Experiencias

El poder de la paz

La paz es un don preciado y una cualidad que el ser humano siempre ha buscado, en todas las épocas y en todas las culturas. Sin embargo la paz parece que elude a la civilización humana desde hace mucho tiempo. Algunos se preguntan: ¿Ha existido alguna vez la paz? La realidad es que no puede haber paz en el mundo si no conseguimos esa paz a nivel individual, a nivel de nuestra mente.
Tenemos que tomar conciencia de las crisis personales que creamos a través de nuestra propia negatividad. Las crisis externas son tantas y tan variadas que no podemos ni tan siquiera listarlas. La mayoría de esas crisis se escapan a nuestro control o influencia directa. Pero lo que sí podemos empezar a hacer es poner freno a las crisis que creamos en nuestra propia mente. ¿Cómo? Cuidando la calidad de los pensamientos que creamos en nuestra mente. Sí, ese es un factor clave en la creación de un estado personal y mental de paz.

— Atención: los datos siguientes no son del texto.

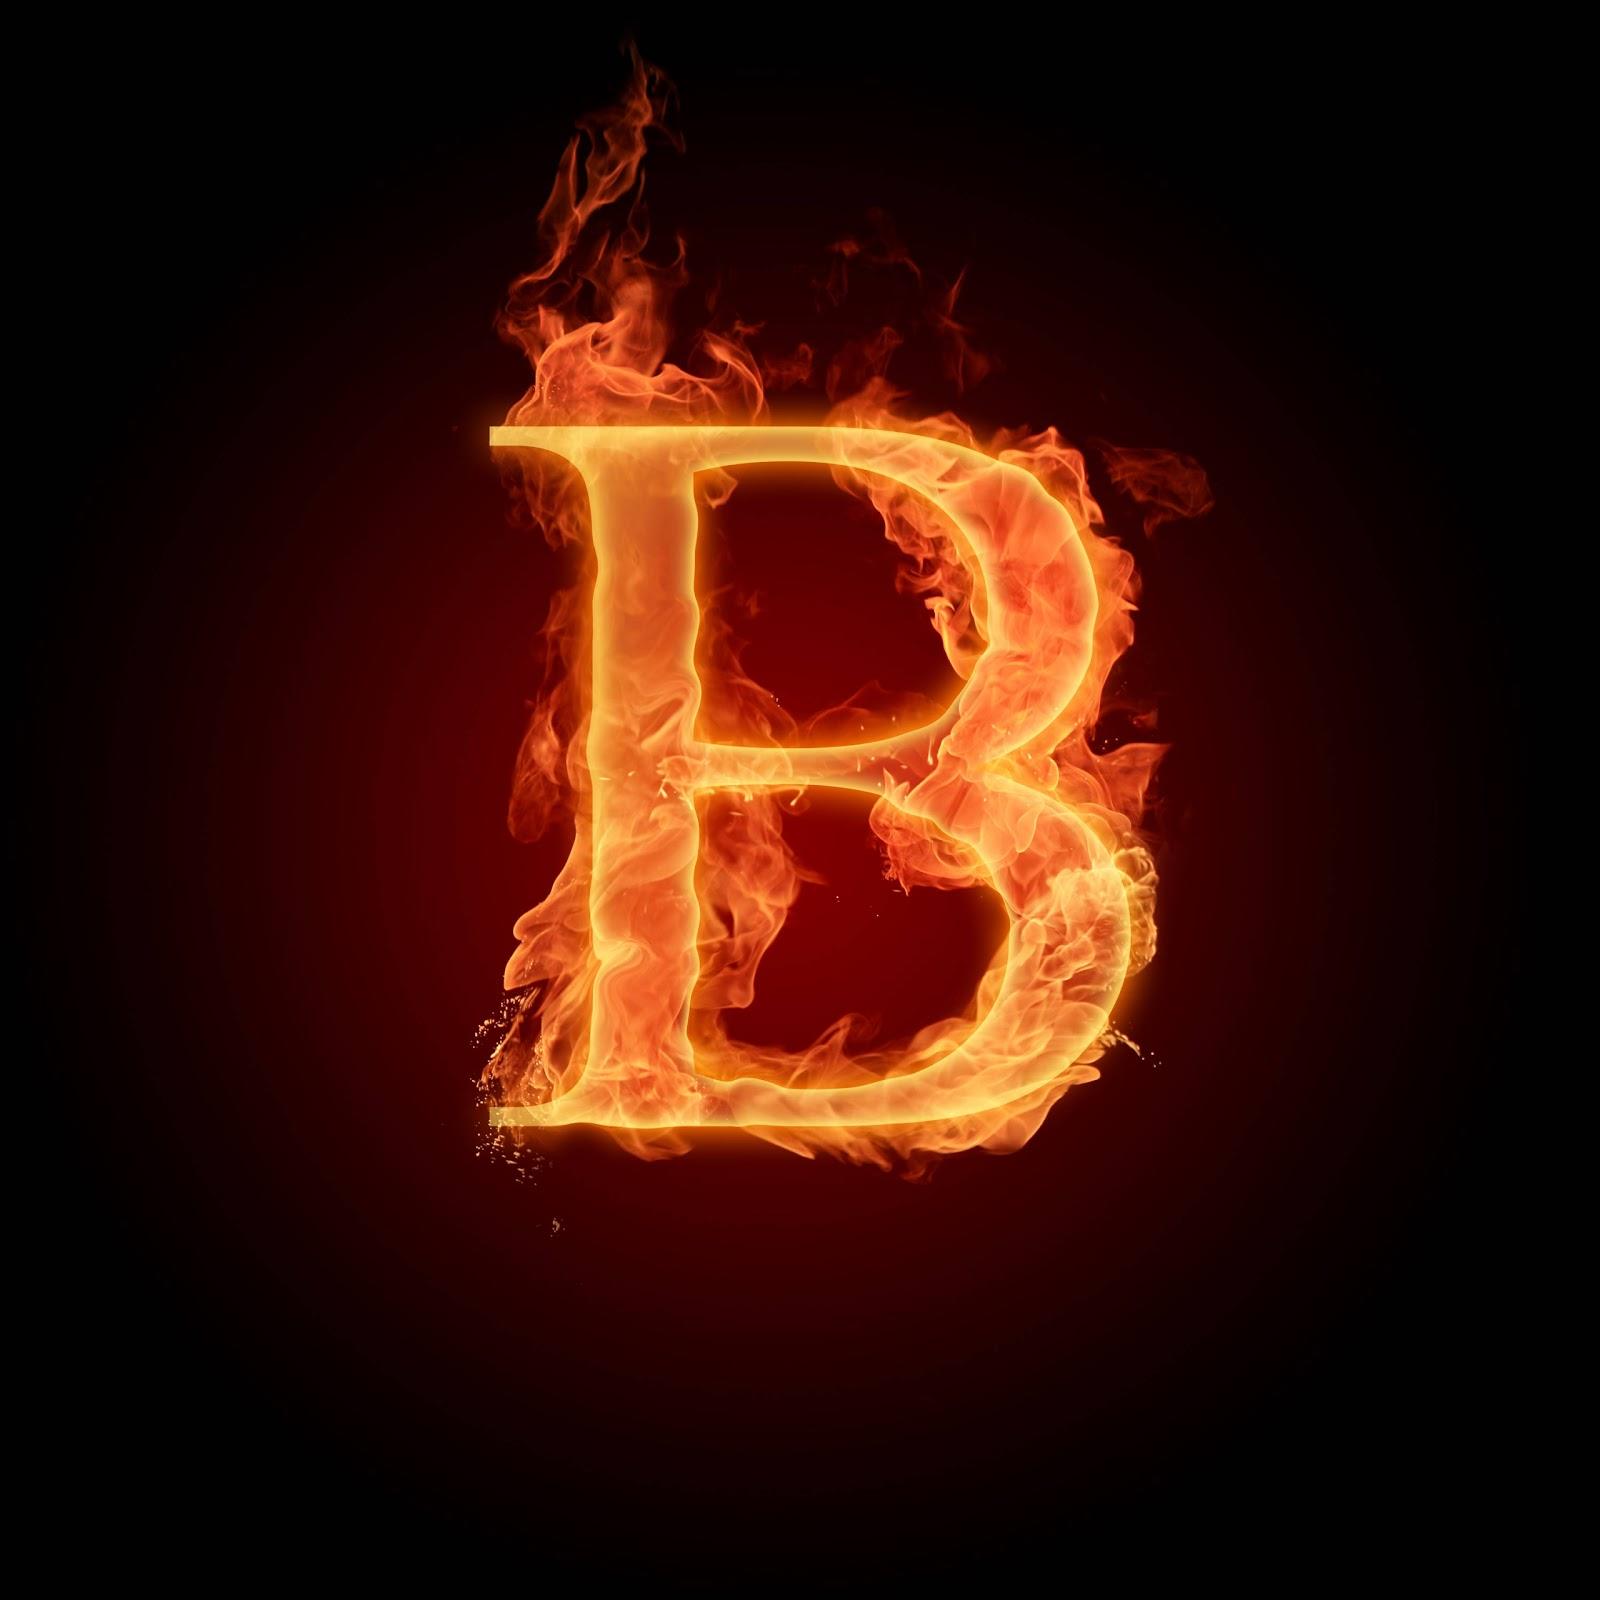 http://3.bp.blogspot.com/-cim1lWcNjkU/UB0ySzM619I/AAAAAAAAAI8/FQqJSRhqQnw/s1600/Burning%252BAlphabet%252BWallpaper%252BB.jpg

Las crisis, las situaciones complicadas, las adversidades de la vida, todas se presentan sin que nadie las solicite y tampoco se van cuando lo pedimos o queremos… las situaciones siguen su curso, generalmente ajenas a nuestra voluntad. Suceden de acuerdo a su propio programa.

La cuestión que conviene que nos preguntemos es: ¿cuál es el estado de nuestra mente antes de que lleguen esas situaciones? Cuando la mente es fuerte, cuando está en un estado de estabilidad y calma, las dificultades externas permanecen en el exterior y no nos hacen fluctuar en nuestro interior ni nos arrebatan la estabilidad. En ese estado, la mente está en paz, está libre de tristeza y de preocupaciones.

Cuando disponemos de esta fortaleza, las situaciones que acarrean tristeza pueden aparecer pero no sentimos tristeza en nuestro interior. Si las situaciones nos vienen a sacudir, no nos sacudiremos. Si alguien nos insulta, sabemos desapegarnos y permanecer positivos. Para ello, como hemos apuntado, la cabeza debe estar calmada y no podemos permitirnos reaccionar de forma instantánea, ni siquiera rechazar a los que realizan tales acciones. Lo importante es que nos posicionemos internamente en un estado de aceptación de la escena. Esta aceptación es la que nos permite seguir sintiéndonos tranquilos internamente. De esa forma, nuestros sentimientos pacíficos nos ayudarán a resolver la situación. También sabremos mejor qué debemos hacer o no hacer.

Siempre tenemos que mantener en nuestra conciencia que nuestra naturaleza esencial es la paz, que ésa es nuestra esencia y nuestra cualidad innata. Recordarnos internamente: Soy un ser espiritual, un alma de paz.